Hoy volvió el elefante
Hoy volvió el elefante. Mi hija estaba jugando afuera y lo vio dar vuelta la esquina. Corrió a abrazarse a su pata. El animal resopló y movió las orejas, y la siguió hasta la tranquera abierta.
La bestia se detuvo un momento ante la casa, como cualquier viajero que vuelve, y se dirigió lentamente al cobertizo.
Mi hija corría alrededor de él, saltaba y saltaba, como si tuviera resortes, como si no tuviera peso. Los estuve observando desde la galería.

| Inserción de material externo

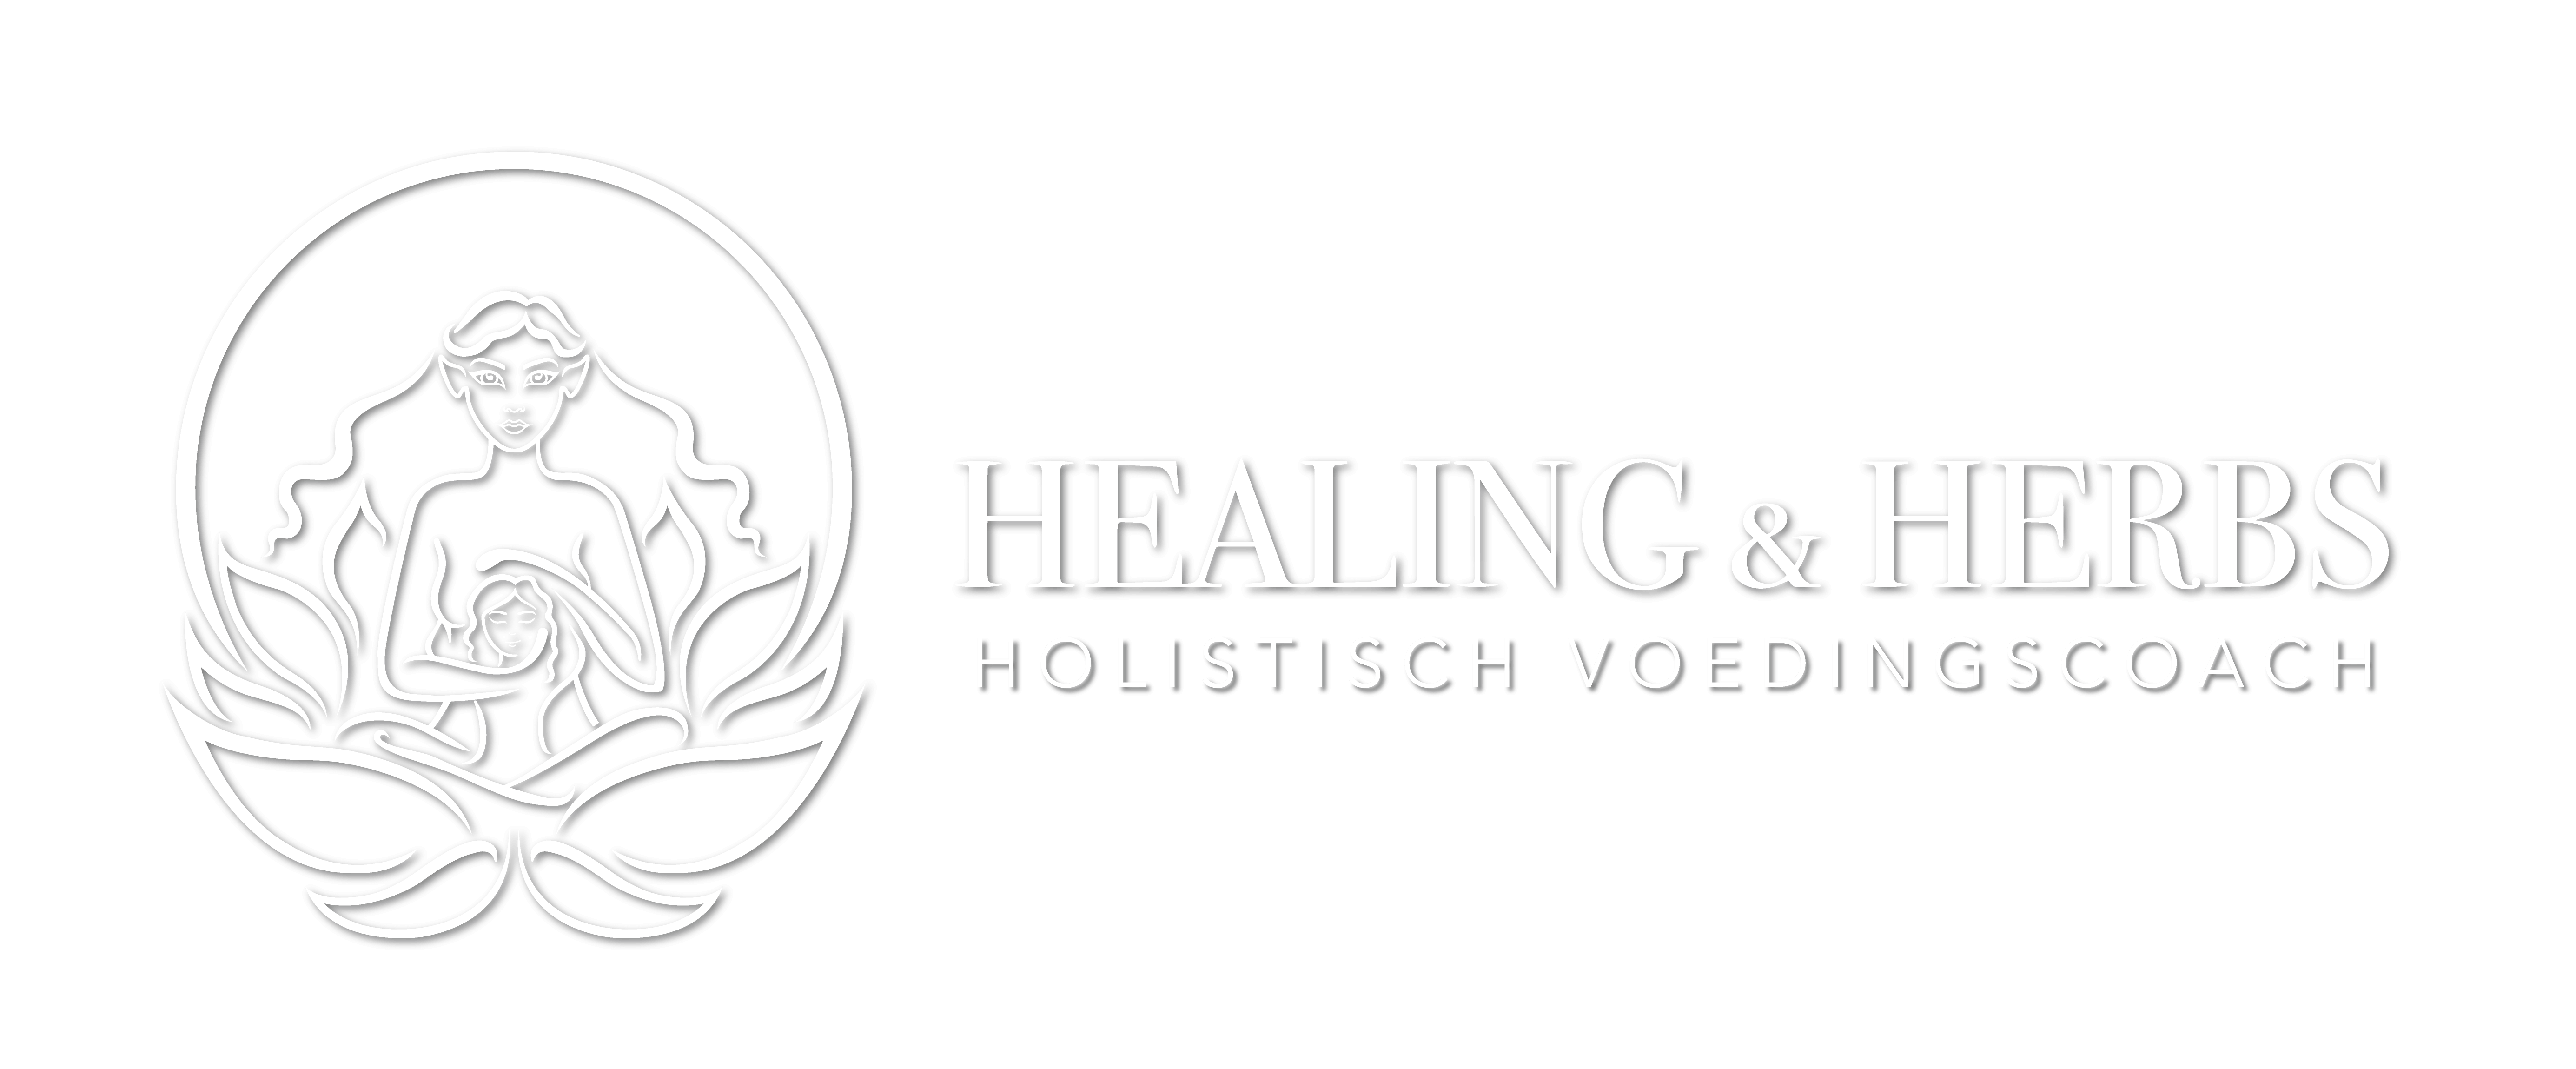 Healing & Herbs
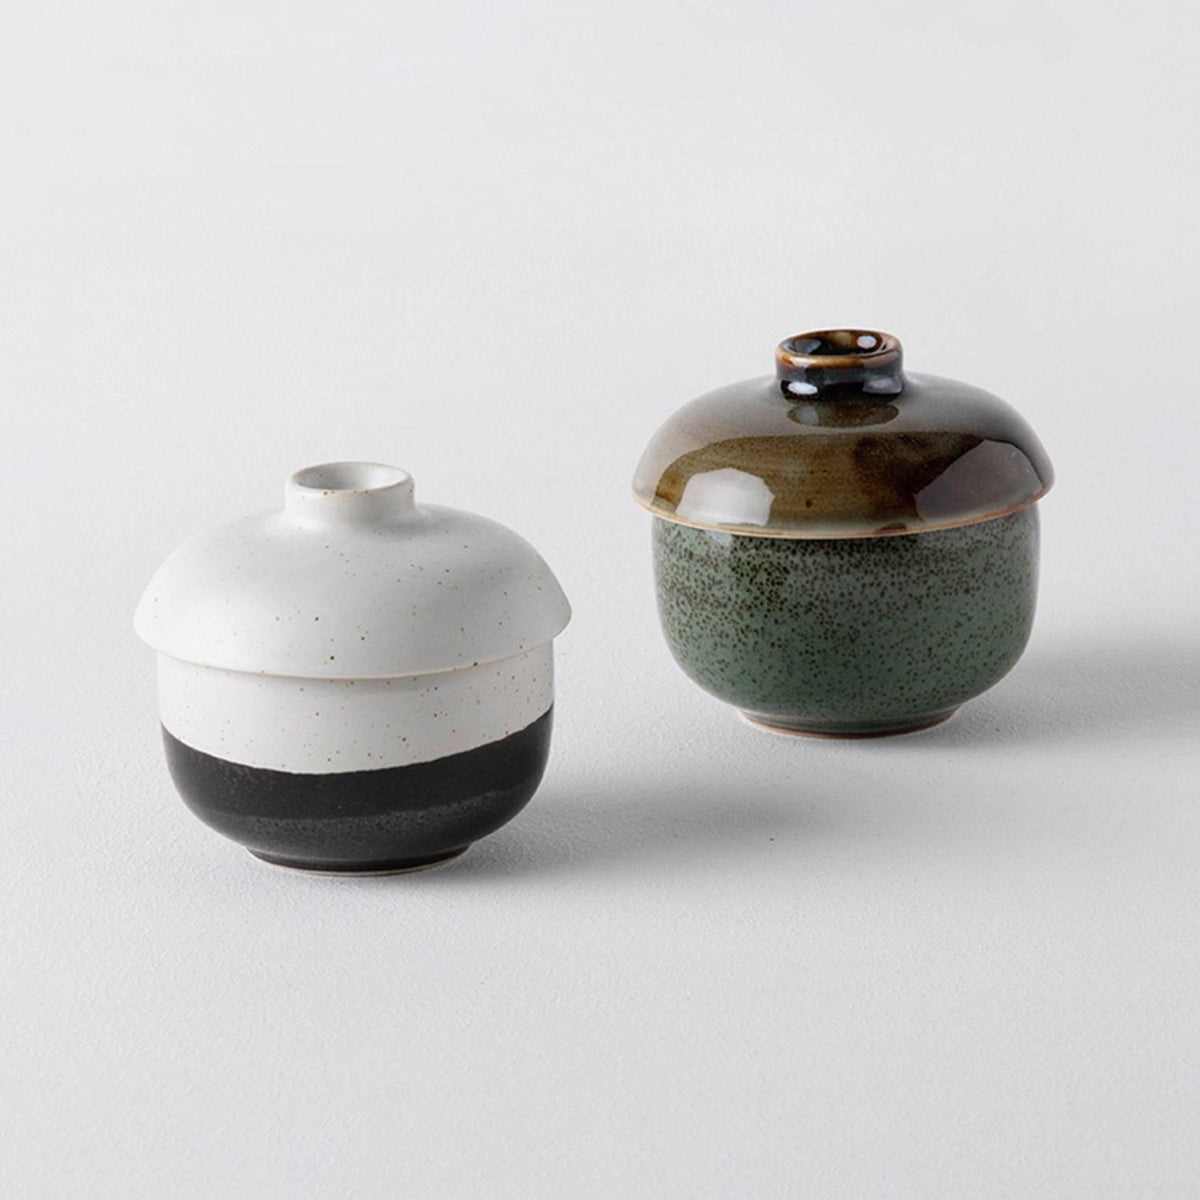 Euna - Ceramic Stew Pot With Lid – Eunaliving

Creo que era el de siempre, aunque con ellos nunca se sabe.
Me acerqué, le di la vuelta, le palmeé el cachete y pude aspirar su viejo olor a viaje y polvo. Me miraba con sus ojos chiquitos, y sacudía la cabezota con parsimonia.
Una oleada de tristeza y reconocimiento me atravesó, un aroma de infancias. El elefante movió la pata delantera, se bamboleó, acompasando mi pensamiento. Después le llenamos de agua un barril, y bebió con gusto. Quedó adormilado, o pensativo.
De a poco comenzaron a llegar los vecinos, rodeados por los chicos del barrio, y su viaje se fue armando en medio de comentarios excitados.
Había llegado por la playa, entre las olas y las gaviotas. Lo habían visto por el lado de los acantilados, cuando la marea retira el mar y vuelve la arena. Lo habían visto caminar, solemne, al costado de la ruta, en el sector en el que los acantilados amenazan derrumbe. Los autos aminoraban la marcha y lo sobrepasaban, a prudente distancia. Él continuaba su avance, indiferente a los gritos y a las fotos que le tomaban los turistas y los pescadores.
En un momento lo escoltó un auto de la policía, pero después desistieron, tal vez por algo relacionado con las jurisdicciones y las rutas.
Así llegó a la casa, sin titubear un segundo, sin detenerse, aparecido Dios sabe de dónde.
Mi esposa estaba contenta. Se había parado junto a mí y lo miraba, maravillada. Ante sus ojos se materializaba un mito familiar, y ella era parte.
Me apoyó la mano en el hombro y luego, como soñando, me acarició la espalda concariño. Mis hijos le hablaban al elefante, pasaban debajo de su panza, se dejaban empujar con suavidad por la trompa algo errática. Todo era cierto.
Hacia la tarde bajó la excitación y los vecinos se fueron retirando.
Los más memoriosos fueron los más reticentes, y se quedaban comentando el caso en la esquina, bajo el farol que ya empezaba a convocar mariposas nocturnas.
Sacamos las sillas al parque y encendí un fuego en la parrilla. Anochecía. Extrañé a mis padres, pensé cuánto les hubiera gustado verlo llegar, sin dudar, a esta casa nueva.
Como ellos mismos lo vieron volver, jóvenes y recién casados. Como todos en la familia, cada uno, siempre.